Unnamed: 0,Organism,Score,E-value,Identity (%),Align length
0,Viola cucullata voucher AP011 maturase K (matK...,453.0,1.44062e-109,98.72,235
1,Viola elatior voucher KG23-0398 maturase K (ma...,453.0,1.44062e-109,98.72,235
2,"Viola odorata genome assembly, organelle: plas...",453.0,1.44062e-109,98.72,235
3,Viola renifolia voucher 09PROBE-05214 maturase...,453.0,1.44062e-109,98.72,235
4,Viola labradorica isolate AG2KK53 maturase K (...,453.0,1.44062e-109,98.72,235
5,"Viola odorata chloroplast, complete genome",453.0,1.44062e-109,98.72,235
6,Viola sororia isolate OSBAR 000338 maturase K ...,453.0,1.44062e-109,98.72,235
7,Viola labradorica voucher AP449 maturase K (ma...,453.0,1.44062e-109,98.72,235
8,"Viola biflora chloroplast, complete genome",453.0,1.44062e-109,98.72,235
9,"Viola verecunda chloroplast, complete genome",453.0,1.44062e-109,98.72,235


### Conclusion
The BLAST results show that the amplicon generated by the best-scoring primers aligns almost exclusively with sequences from the genus *Viola*, suggesting a high degree of specificity.

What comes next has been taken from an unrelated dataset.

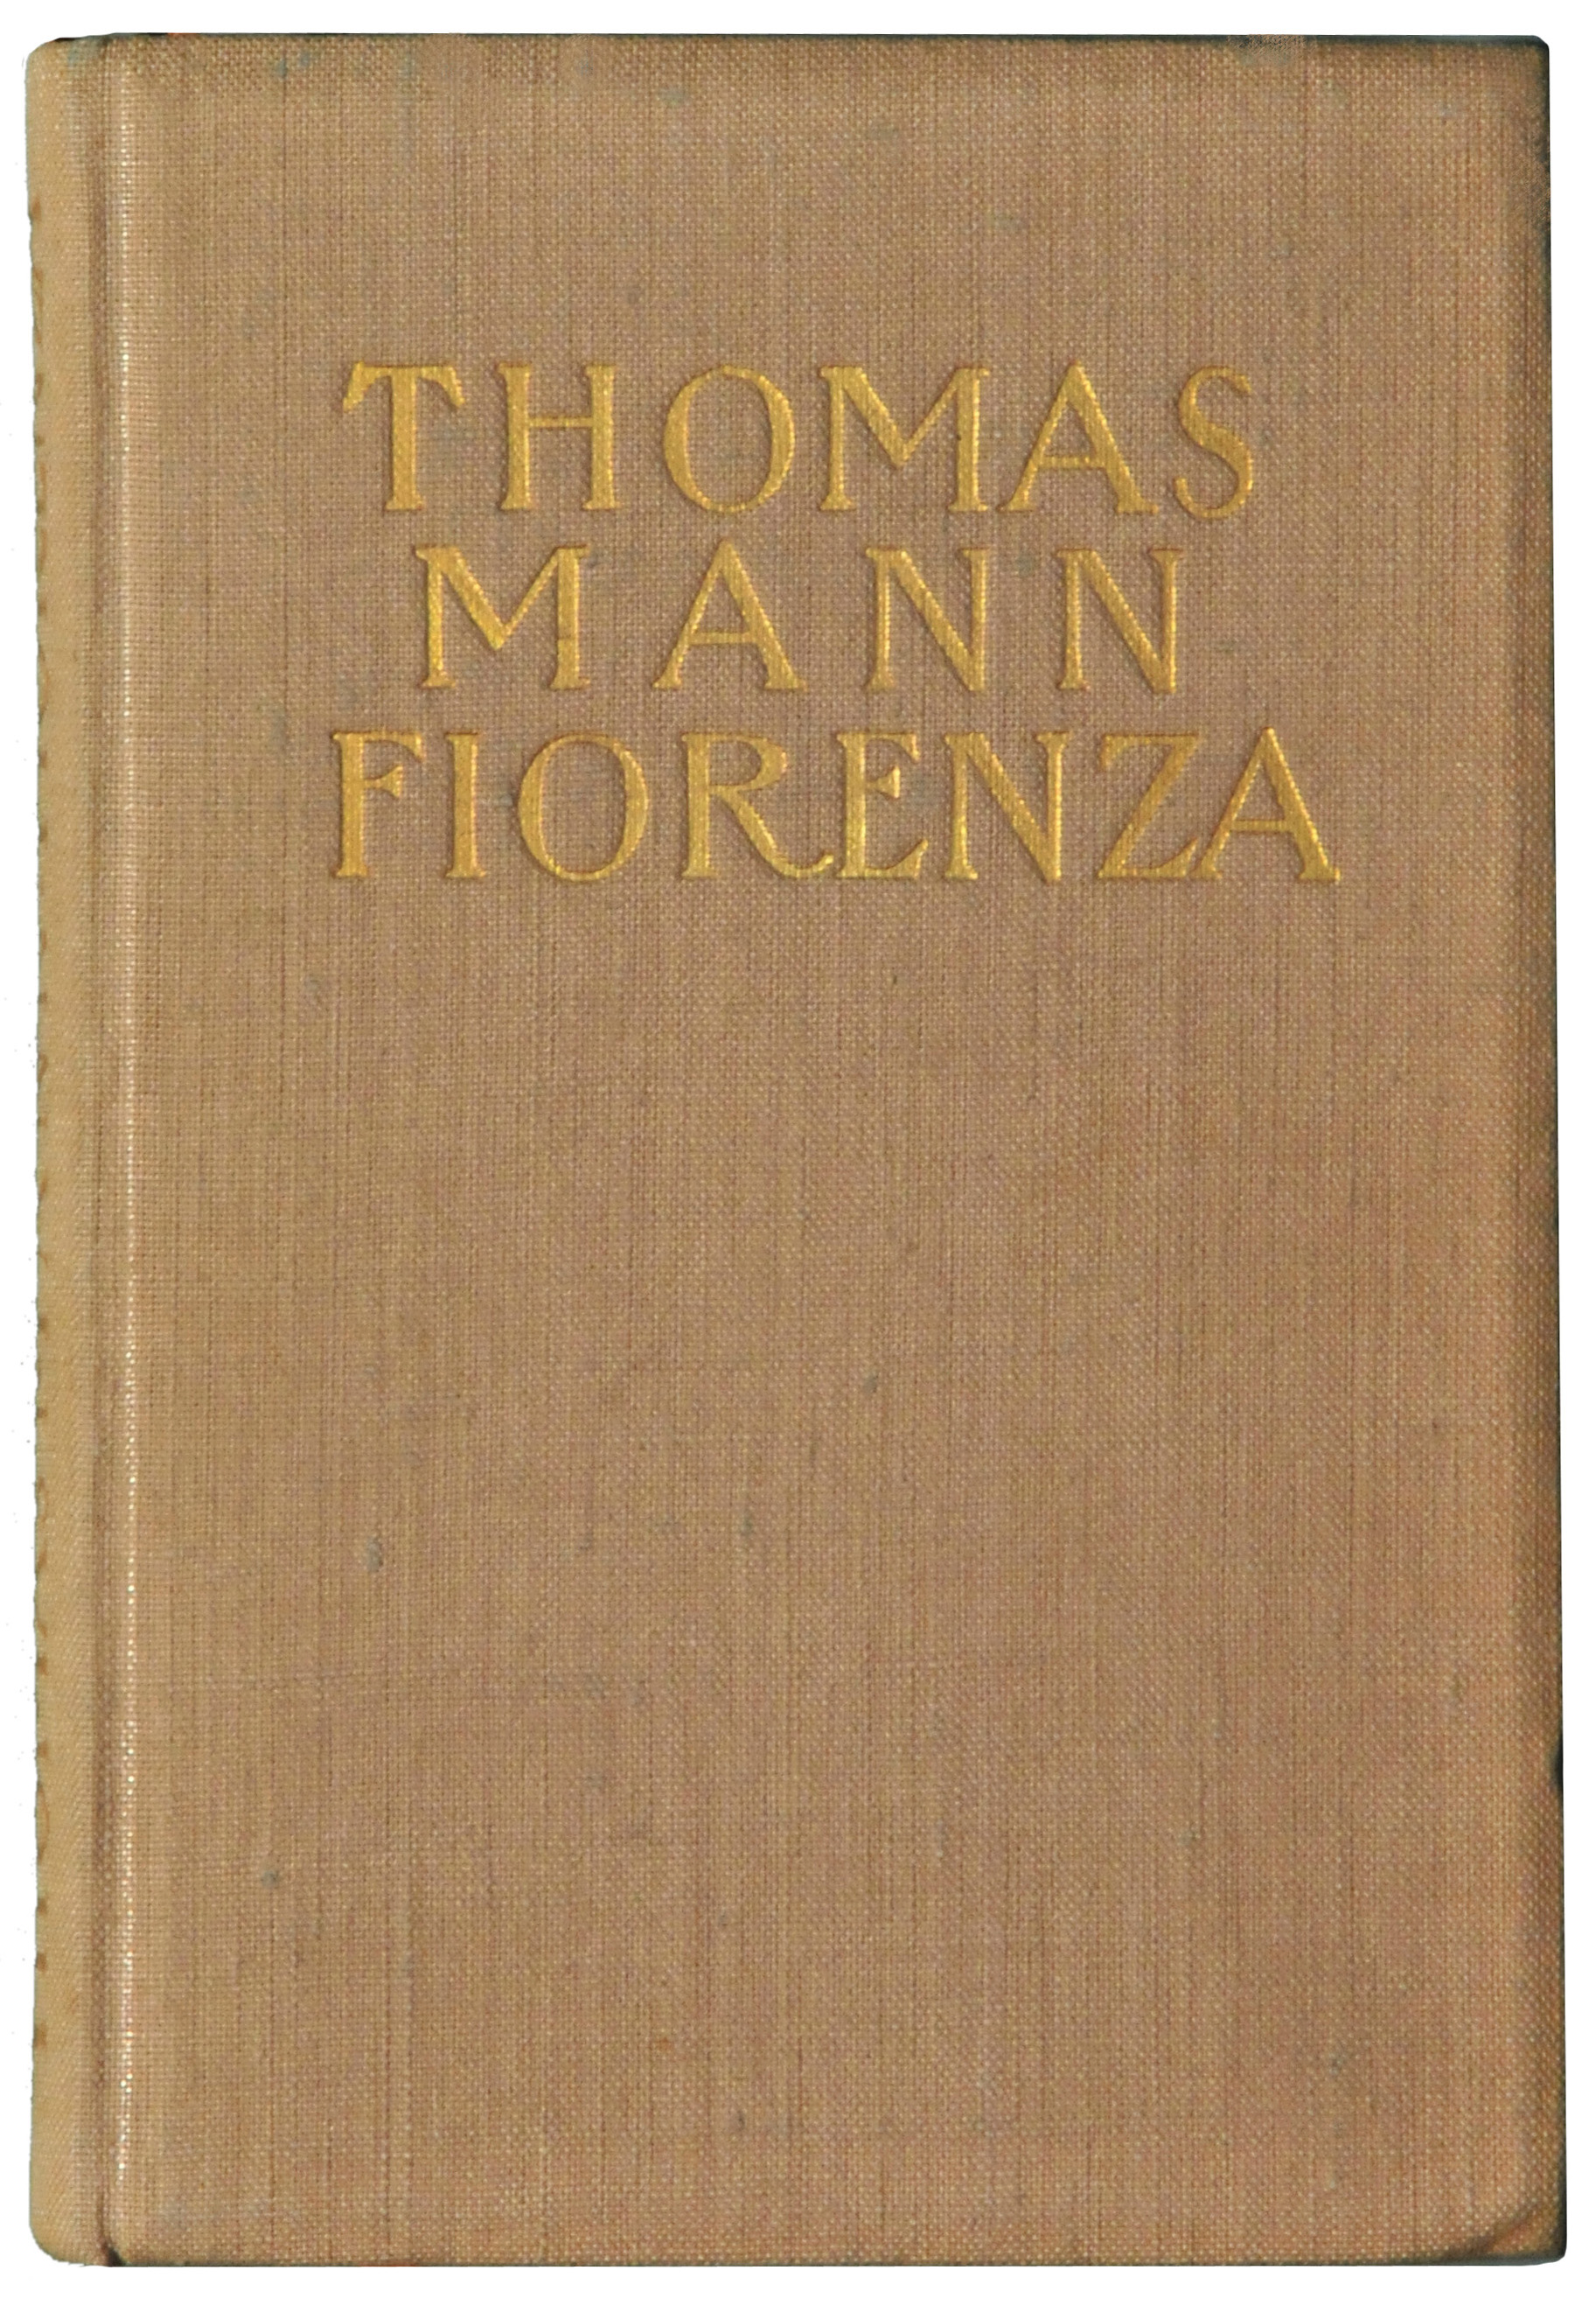 -6.1- Thomas Mann Fiorenza 1906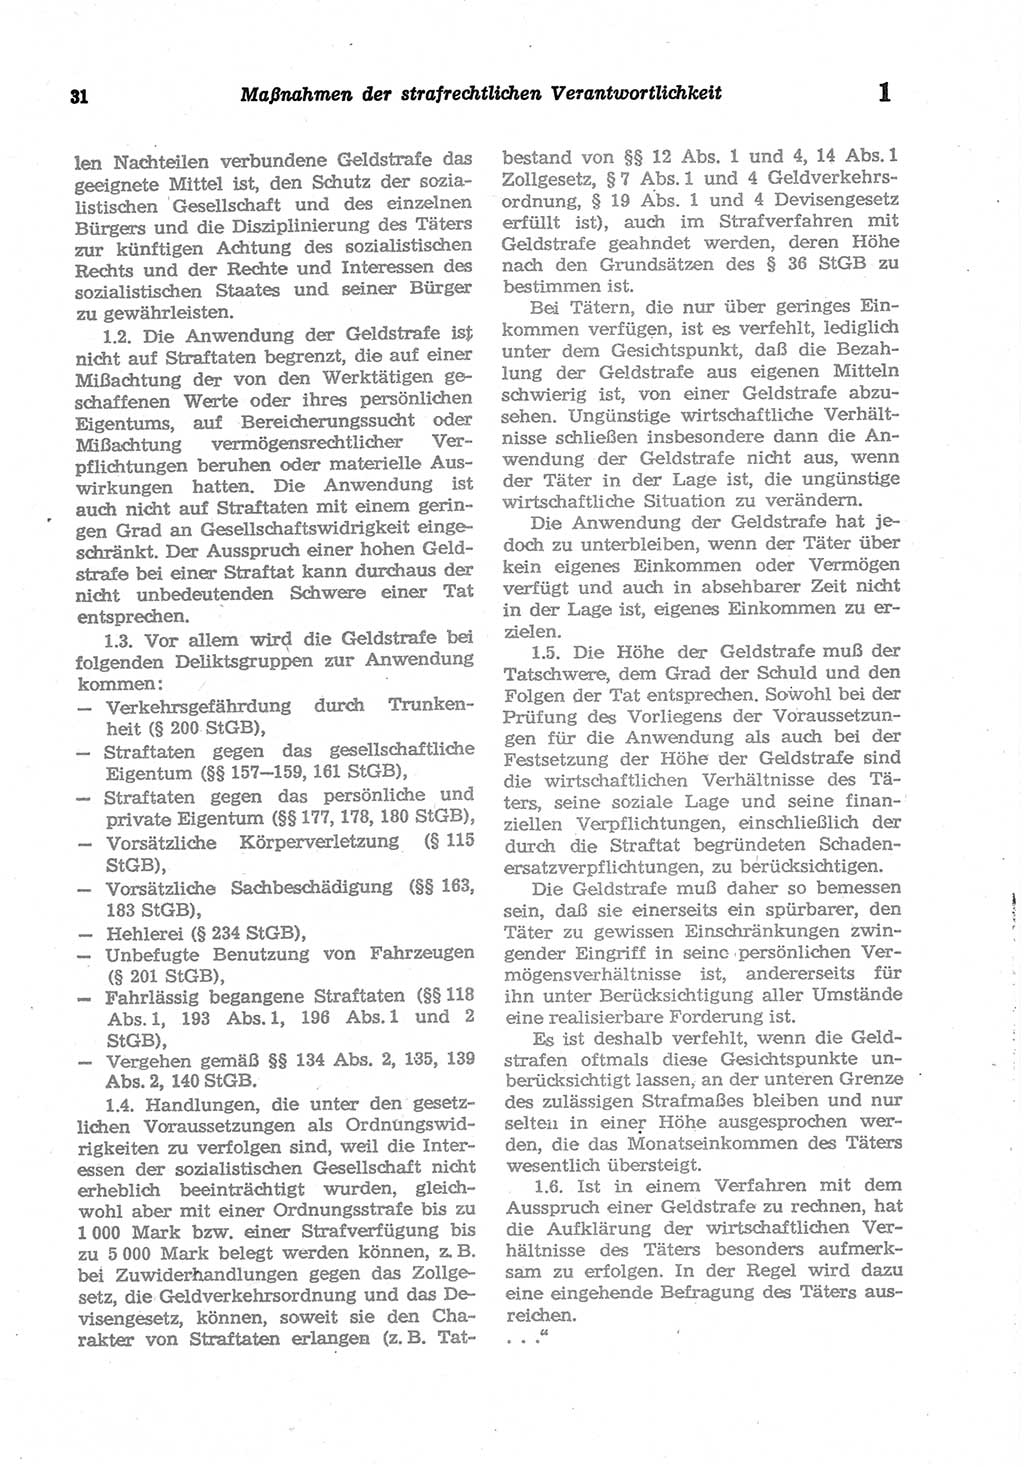 Strafgesetzbuch (StGB) der Deutschen Demokratischen Republik (DDR) und angrenzende Gesetze und Bestimmungen 1977, Seite 31 (StGB DDR Ges. Best. 1977, S. 31)

This indicates that the **primer3-based pipeline** performs well for this target region, at least in silico. Further experimental validation (e.g., PCR tests with DNA from *Viola* and non-*Viola* species) is needed to confirm these results in vitro.

This step completes the initial validation phase and supports the pipeline's ability to design genus-specific primers.